By Carl Adamec
The University of Connecticut and Stanford University women’s basketball teams are solid on the defensive end of the court. The Huskies and Cardinal wouldn’t be seeking their record sixth consecutive NCAA Final Four berth if they weren’t.
But both teams have talented offensive players and Hall of Fame coaches Geno Auriemma and Tara VanDerveer hope that part of the game comes out when No. 1 Stanford entertains No. 2 UConn Saturday at sold-out Maples Pavilion.
UConn (10-0) enters the game averaging 88.1 points per game while Stanford (11-0) checks in at 75.7 points per game.
“Not everybody is capable of recruiting the offensive players that Stanford can recruit or Connecticut can recruit,” Auriemma said. “So I think we have a huge advantage over a lot of other programs in that we can go out and attract the best offensive players in the country. There are teams that can’t so they build their teams around defense because they’re not skilled enough on the offensive end.

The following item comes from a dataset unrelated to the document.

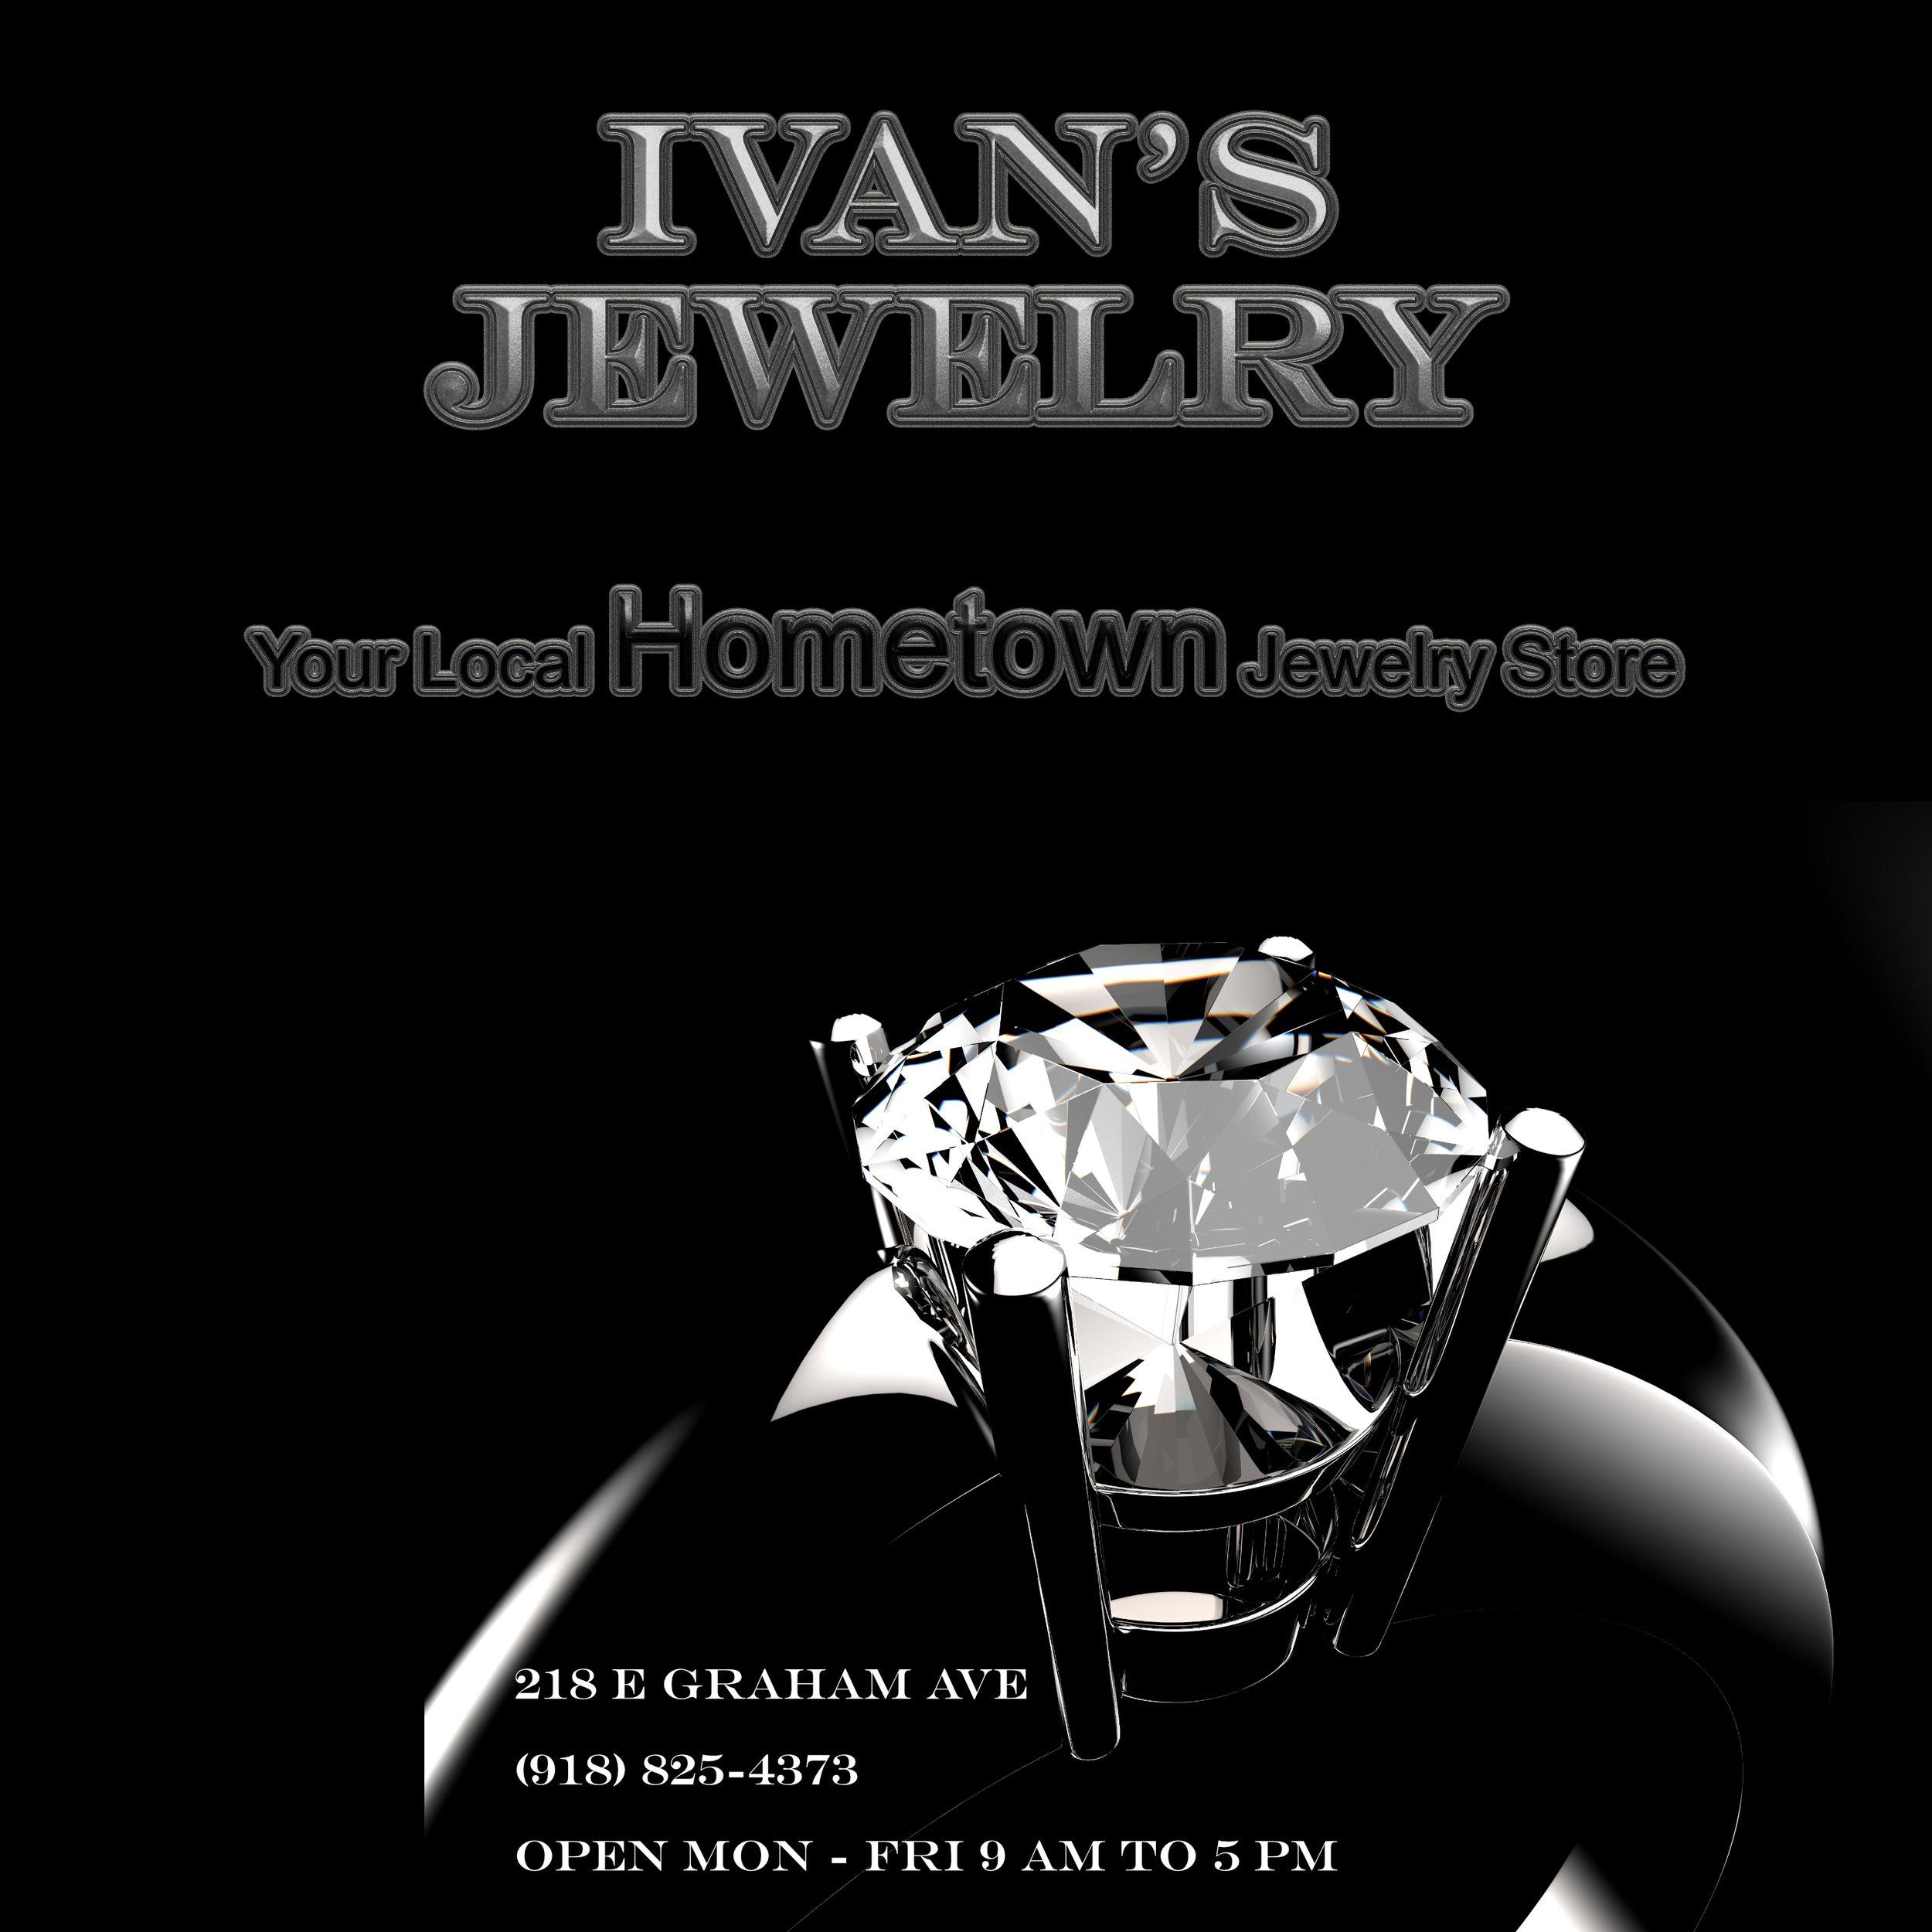 Ivan's Ad.jpg

“I think that is one of the things that has to continue to grow in the women’s games is that more teams have to value putting the ball in the basket. I think the game of women’s basketball has to be played differently than men’s basketball. That’s why I always laugh when people who run women’s basketball want to showcase our physicality. I don’t know that serves any purpose. I think we should showcase people putting the ball in the basket. I think that’s what attracts fans, that’s what makes the game enjoyable to watch, and I think Saturday you have got maybe the two best offensive teams in the country and hopefully fans will get a chance to see that. That’s not to say we’re going to see who can win 110-109. I don’t think that is going to happen. But I would like to think that we try to make scoring and scoring often a priority in our programs and that is probably why we attract so many fans.”
Breanna Stewart (16.9), Kaleena Mosqueda-Lewis (16.4), Stefanie Dolson (11.7), and Bria Hartley (10.1) average in double figures for the Huskies as do the Cardinal’s Chiney Ogwumike (21.8), Joslyn Tinkle (13.9), and Amber Orrange (10.9).

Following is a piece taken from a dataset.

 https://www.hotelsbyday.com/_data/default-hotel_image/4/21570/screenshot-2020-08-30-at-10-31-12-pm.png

“Both Geno and I value offensively skilled players,” VanDerveer said. “I think we work hard on the defensive end but we really emphasize playing basketball with a purpose — passing, shooting, and in some ways I think our styles are the same. Obviously we’re on different coasts and play in different leagues but there are probably a lot of similarities.”
Of course, the most memorable meeting between UConn and Stanford came in the 2010 national championship game in San Antonio when they set a Final Four record for offensively futility.
UConn started four players — Maya Moore, Tina Charles, Kalana Greene, and Tiffany Hayes — that combined to score 8,627 points in their careers. Stanford started four WNBA first-round picks in Jayne Appel, Kayla Pedersen, Nneka Ogwumike, and Jeanette Pohlen. The score at halftime was Stanford 20, UConn 12.
“I think I can remember all the points. I can remember all 12 of ours, I’ll tell you that,” Auriemma said with a smile.
He can smile because UConn came back to beat Stanford 53-47 for its seventh NCAA title.
UConn All-American Hartley and Stanford All-American Chiney Ogwumike were teammates on USA Basketball’s team that won the gold medal in the inaugural FIBA 3×3 world championships in Athens, Greece, last August.
“Bria is one of my closest friends in life,” Ogwumike said. “We’ve played the same AAU circuit and developed a friendly rivalry. With USA, I always competed with her and always had so much fun. We’re friends everywhere except on the basketball court when we play each other. That’s when we’re best ‘frenemies.’ “
The juniors will face off for the third time in their college careers Saturday. UConn won last year’s game while Stanford won the previous meeting on its home court two years ago.
“We’re both really competitive,” Hartley said. “We go out there and we want to win and we want to play really hard. Off the court we’re friendly, but on the court we’re focused on winning.”
Team USA, which also included Notre Dame All-American Skylar Diggins and former UConn standout Ann Strother, won all nine of its games. In the gold-medal game against France, it was a Hartley pass to Ogwumike that led to the deciding basket in the Americans’ 17-16 victory.
The only downside from that tournament was that Hartley injured her left ankle. She missed much of the preseason and the Huskies’ first two regular season games as she recovered.
Stanford’s 82-game home winning streak is the longest active streak in the nation and the second longest in NCAA history to UConn’s 99. If the Cardinal keeps their perfect record at Maples Pavilion intact, they could get to 100 during the 2013-14 season.
“We’re excited to play here but we know it’s not going to be the deciding factor,” VanDerveer said. “We have to play well. We know it’s what we do on the court.”
It’s the same for the Huskies, who have had more than their share of success in front of big crowds on the road. They could not care less about that streak.
“That’s not what we came here for,” UConn senior Kelly Faris said. “The whole streak thing … If you’re focused on that, you’re not focused on the right things.”